Протягивают мне хрустальный бокал. В нем подвеска на цепочке. Очень большой продолговатый рубин в золотой оправе, а сверху, где ушко для цепочки, маленькая бриллиантовая корона. Такая, в три зубца.
– Это всё? – говорю я.
– Всё, – отвечают они. – Берите и уходите.
Я вынимаю подвеску. Роняю ее. Поднимаю с пола. Вижу, что бриллиантовая корона оторвалась и ускакала под шкаф. Цепочка тоже куда-то делась. Наверное, провалилась в щель между старыми скрипучими досками пола. То есть у меня в руках красный драгоценный камень в жирной, с цветами и вензелями золотой оправе.
– Ах, какой большой рубин! – голосят девушки-лаборантки. – Он очень дорогой! Это огромные деньги! Забирайте скорее.
– Слишком большой, – говорю я. – Из него даже перстня не сделаешь.
– Мы вам скажем адрес, – отвечают они. – Ювелирная мастерская, где его обточат или даже, может быть, сумеют расколоть на два, на три, на четыре камня!
– А корона и цепочка? – спрашиваю.
– Сейчас мы принесем веник и будем двигать шкаф, – говорят они.
– Ладно, – говорю я. – Не надо.
– Заберите бокал, он тоже ваш.
– Не надо! – я заворачиваю рубин в носовой платок, кладу в нагрудный карман (оказывается, я в костюме) и выхожу из комнаты 2-15.
Иду обратно.
Только сейчас соображаю, что наверху, там, откуда я спустился, меня ждет жена.

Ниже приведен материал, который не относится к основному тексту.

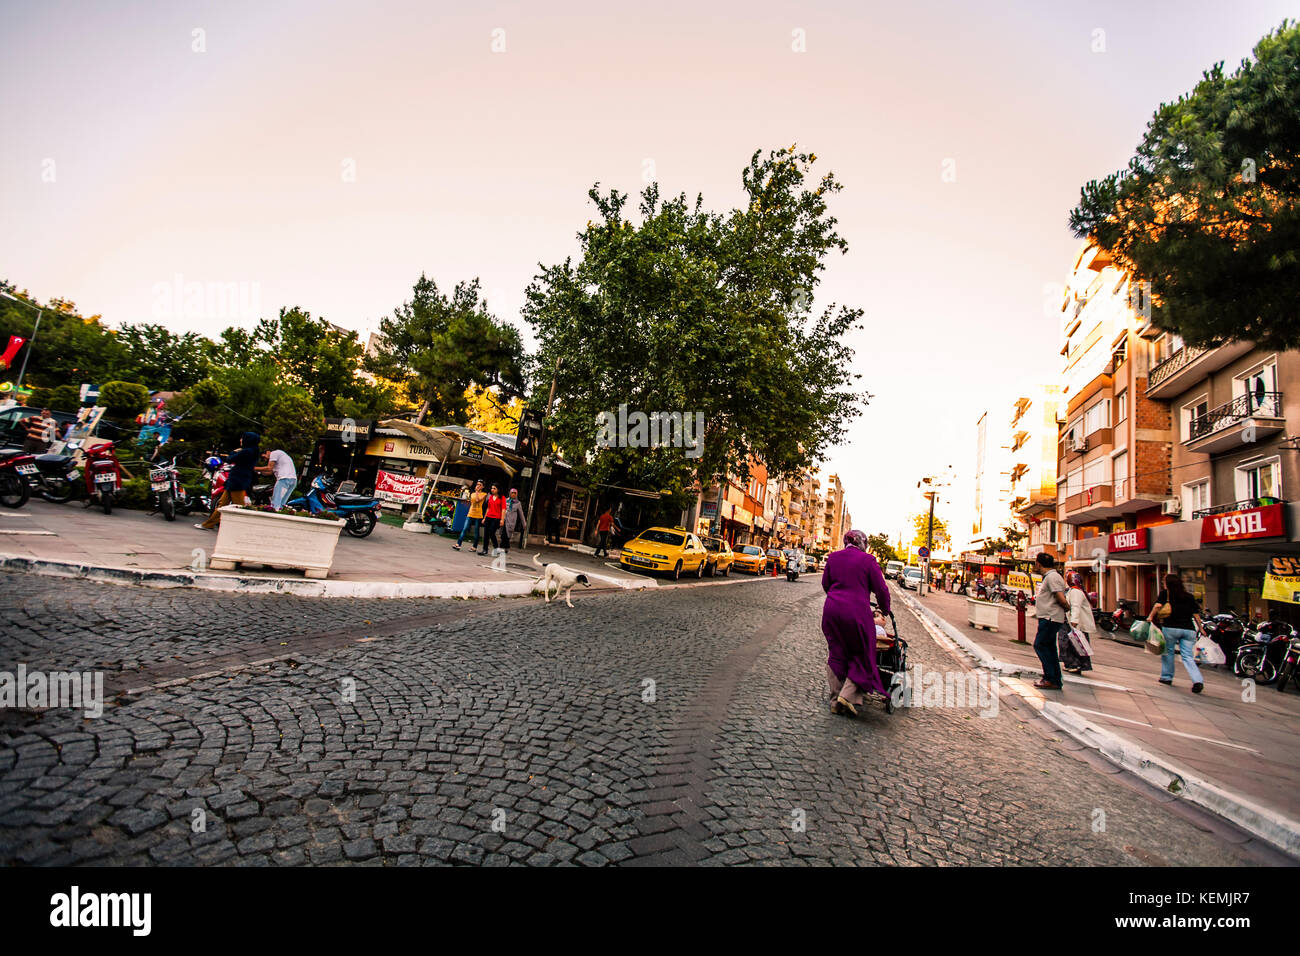 Le strade della cittadina, Turchia 2013 Foto Stock

В коридоре меня нагоняют и обгоняют школьники. Первоклассники, наверное. И первоклассницы тоже. Они идут колонной по четыре, попарно взявшись за руки. Мальчик-девочка, мальчик-девочка. Я сзади вижу детские нежные затылки, с расчесанными надвое и заплетенными в косички-бублики волосами у девочек, с подстриженными машинкой шейными ложбинками у мальчиков.
Дети поют чистыми и звонкими голосами, как Большой детский хор Всесоюзного радио и телевидения:
- Страна моя, прекрасная,
- Офигительно классная!
- Страна моя, любимая,
- Офигительно сильная!
- Страна моя, бескрайняя,
- Охренительно странная!
Уходят, скрываются за поворотом.
Я иду по коридору. Там в низких шкафах стоят толстые красные книги. Издалека похожи на «КПСС в резолюциях» – было такое многотомное издание красного цвета.
Между книгами торчат бумажки, на них написано от руки – сто семьдесят руб.
То есть это распродажа.
Подхожу ближе. Нет, это не «КПСС в резолюциях», а школьные выпускные альбомы. Их очень много.
Рядом на старой школьной банкетке – деревянной, поверху обитой дерматином – сидит женщина лет сорока, модно и дорого одетая, отлично причесанная, ухоженная и довольно красивая, надо признать. Прикрыв лицо руками – поставив ладони домиком над бровями, – она хохочет. У нее вздрагивают плечи.
Наверное, ее рассмешила эта хулиганско-патриотическая песенка, которую дети пели своими ангельскими голосами.
– Смешно! – говорю я, подойдя к ней совсем близко.
– Ужасно! – говорит она, открыв лицо. Я вижу, что она плачет. Сначала мне кажется, что ее от смеха прошибла слеза, но потом понимаю, что она плачет всерьез.
– Ужасно! – рыдает она. – Здесь продаются наши выпускные альбомы. Мой альбом в том числе, вот! – она вытаскивает его с полки. – За сто семьдесят рублей, вы понимаете? Просто за копейки! Каждый сможет купить мой выпускной альбом! И увидеть меня! Какая я была в первом классе! Какая я была в седьмом на физкультуре! Какая я была чудесная, стройная, милая! Каждый может сравнить с тем, во что я теперь превратилась! Ужасно!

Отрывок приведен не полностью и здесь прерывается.